Whith this code , with the first loop in comment and with only one number passed in argument that works.:

function smallestCommons(n) {
  //let max = Math.max(...arr);
  //let min = Math.min(...arr);
  //console.log(min)
  const dividedBy = [[],[]]
  //for (let n = min; n <= max; n++) {
     /* I don't want to iterate over all the numbers so I'm only looking for prime numbers like in the previous exercise*/
//________________________________________________________________
    let maxMultiple = Math.floor(Math.sqrt(n));
    let numbers = [];
    for (let l = 2; l <= n; l++) {
      numbers.push(l);
    }
    for (let i = 2; i <= maxMultiple; i++) {
      for (let j = Math.pow(i, 2) ; j <= n; j += i) {  
      if ( j !== false) {
        numbers[j - 2] = false;
        }  
      } 
    }
    //console.log(numbers)
    let primes = numbers.filter(item => Number.isInteger(item));
    //_________________________________________________________________
    primes.unshift(0,0)
    console.log(primes)
    let compte = 0;
    dividedBy.push([0,0]);
    console.log(dividedBy)
    for (let k = 2; k <= primes.length; k++) {  //for each number n in the first for loop, I decompose over each prime number.
      
      
      if (n % primes[k] == 0) {
        let n2 = n / primes[k];
        compte += 1
        n = n2;
        k--;
      }else{
        dividedBy[dividedBy.length-1].push(compte)
        compte = 0
      }
      
    }
    console.log(dividedBy)
//}
}
smallestCommons([18]);

For smallestCommons([18]) the console return:

Great!!
But when I add the first for loop, with smallestCommons([9,18]) there is a infinity loop:

function smallestCommons(arr) {
  let max = Math.max(...arr);
  let min = Math.min(...arr);
  console.log(min)
  const dividedBy = [[],[]]
  for (let n = min; n <= max; n++) {
     /* I don't want to iterate over all the numbers so I'm only looking for prime numbers like in the previous exercise*/
//____________________________________________________________________
    let maxMultiple = Math.floor(Math.sqrt(n));
    let numbers = [];
    for (let l = 2; l <= n; l++) {
      numbers.push(l);
    }
    for (let i = 2; i <= maxMultiple; i++) {
      for (let j = Math.pow(i, 2) ; j <= n; j += i) {  
      if ( j !== false) {
        numbers[j - 2] = false;
        }  
      } 
    }
    //console.log(numbers)
    let primes = numbers.filter(item => Number.isInteger(item));
    //__________________________________________________________________
    primes.unshift(0,0)
    console.log(primes)
    let compte = 0;
    dividedBy.push([0,0]);
    console.log(dividedBy)
    for (let k = 2; k <= primes.length; k++) {  //for each number n in the first for loop, I decompose over each prime number.
      
      
      if (n % primes[k] == 0) {
        let n2 = n / primes[k];
        compte += 1
        n = n2;
        k--;
      }else{
        dividedBy[dividedBy.length-1].push(compte)
        compte = 0
      }
      
    }
    console.log(dividedBy)
  }
}
smallestCommons([9,18]);

I need help

I honestly don’t understand the algorithm from this series of steps. Can you expand upon what you mean?

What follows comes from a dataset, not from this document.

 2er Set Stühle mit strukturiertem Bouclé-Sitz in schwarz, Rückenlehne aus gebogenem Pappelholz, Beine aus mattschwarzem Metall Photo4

I’m not certain that this algorithm is mathematically sound. Do you have some reference material for this approach?

Using prime factorization

Ah, your description of the algorithm is not a valid prime factorization. The prime factorization uses powers of primes, not multiples of primes.

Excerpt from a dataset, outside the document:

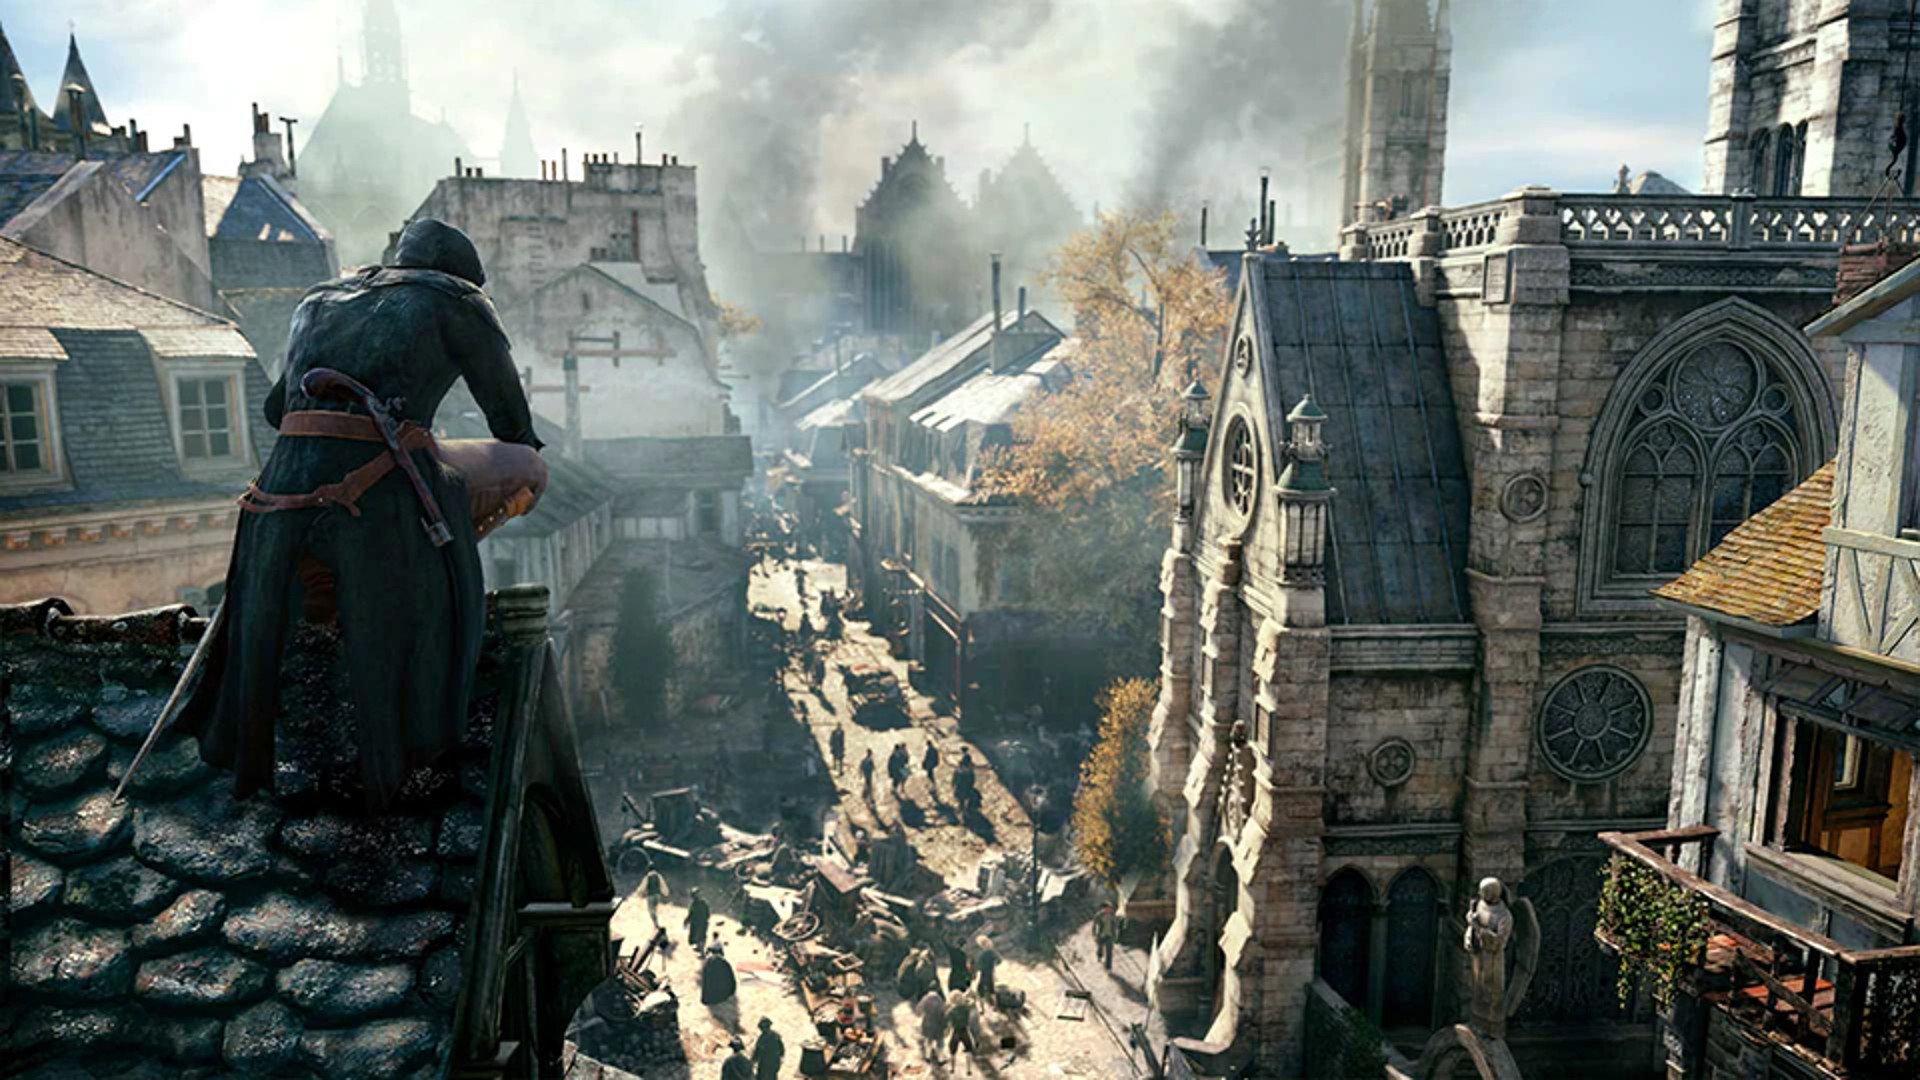 มีข้อมูลหลุด Assassin’s Creed ภาคใหม่ ตัวเกมมีความคล้าย Hitman

Also, you should only make your array of primes once.

To try to find what is causing infinite loop, you may take a look at loops one-by-one. Double check the stopping condition, and if variables are changed in such way, that loop will end, check also if perhaps the variables aren’t changed somewhere else.

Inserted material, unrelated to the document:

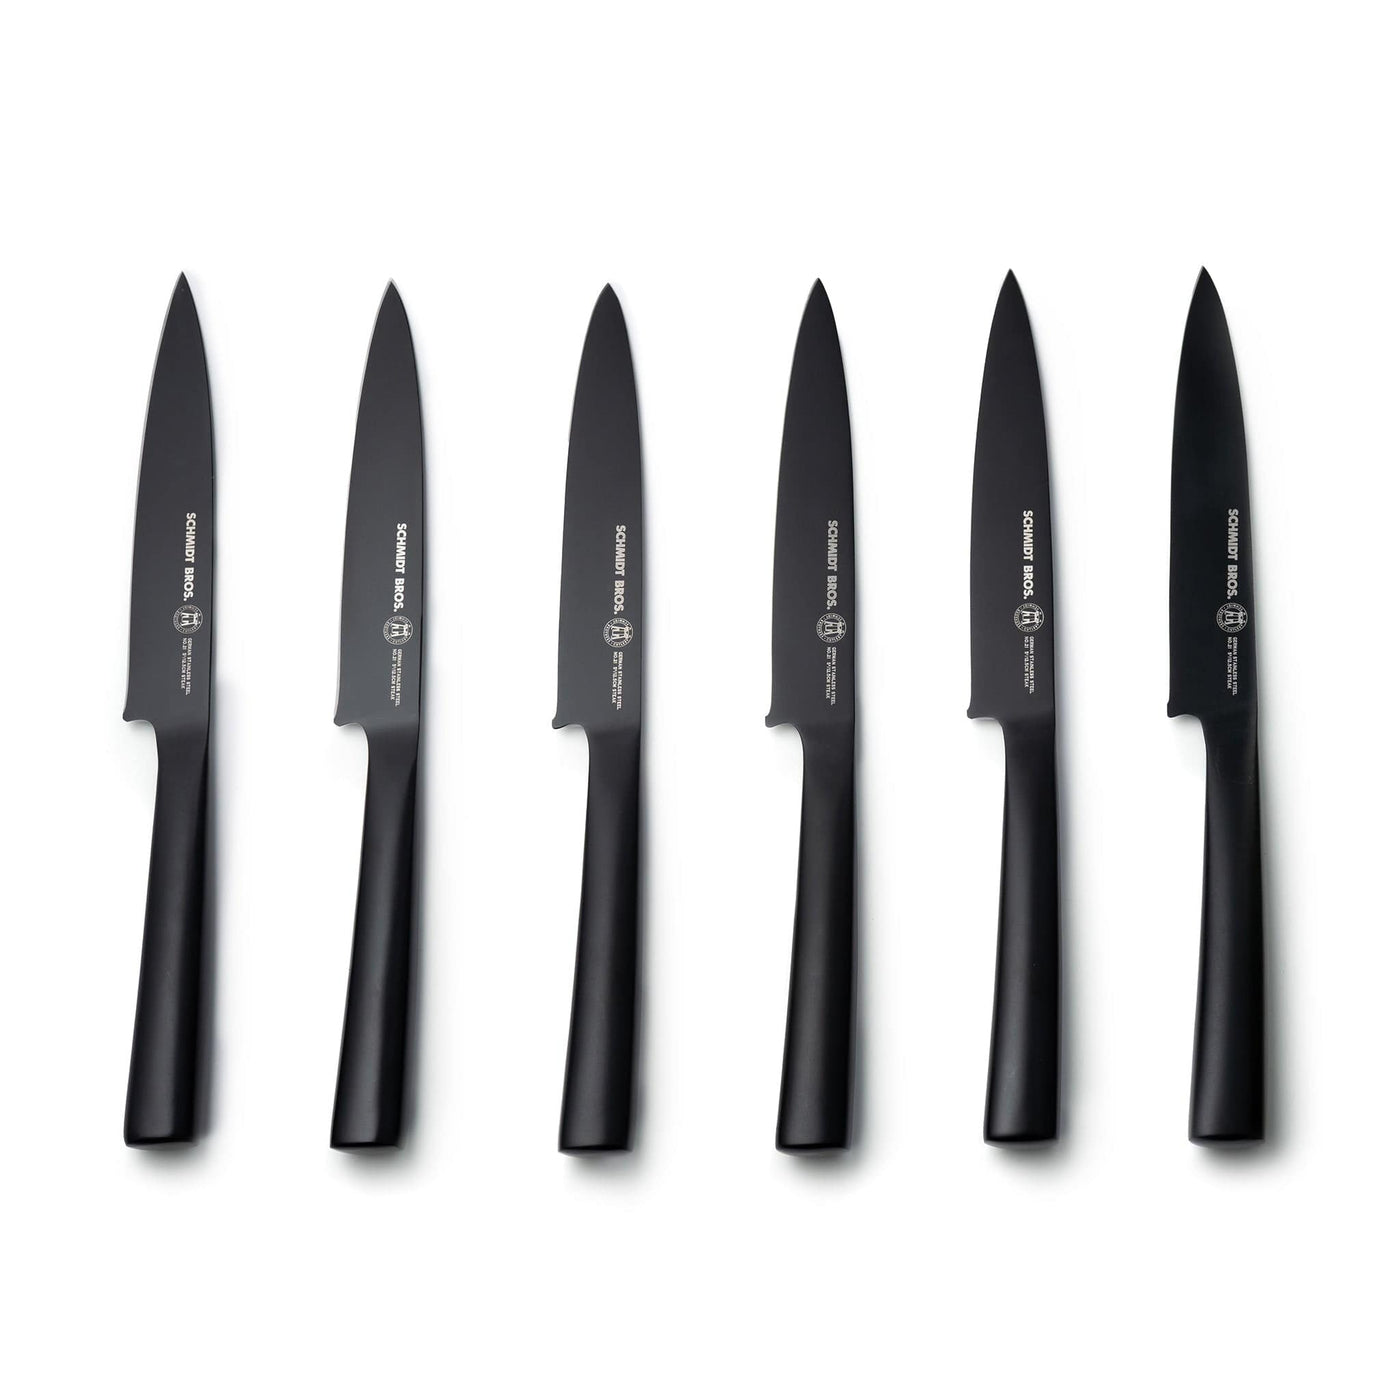 Jet Black, 12-Piece Knife Block Set - Schmidt Brothers Cutlery – Schmidt

Yeah, it does look like the iteration variable is modified inside of the iteration, but the bigger problem is that the algorithm as coded is not mathematically correct. Not a lot of benefit in fixing an implementation that can’t work.

I made a mistake in the picture with the number 6 but that works:

process994×449 53.5 KB

That mistake makes a huge difference. You aren’t really implementing this algorithm as described with your complex loop though.

Sieving with a mixed array (booleans and numbers) still is less efficient than only using a boolean array. Dynamically allocating that numbers array is still slow.

In any case, you will actually need all primes up to max for this algorithm to work.

You should not generate primes inside of this loop. That is a lot of repeated/wasted effort.

You should not modify n inside of this loop… In the best case, manual adjustment of the iteration variable is confusing. In the worst case, it is going to break your code.

I would actually step back and empty this function out and start with comments

function smallestCommons(arr) {
  // 0 - Compute primes 

  // 1 - Prime factorization of each num in range

  // 2 - Find maximum power of each prime

  // 3 - Compute smallest common multiple
  let scm;

  // 4 - Return result
  return scm;
}

I would then add some more comments about how to do each part before starting to add code.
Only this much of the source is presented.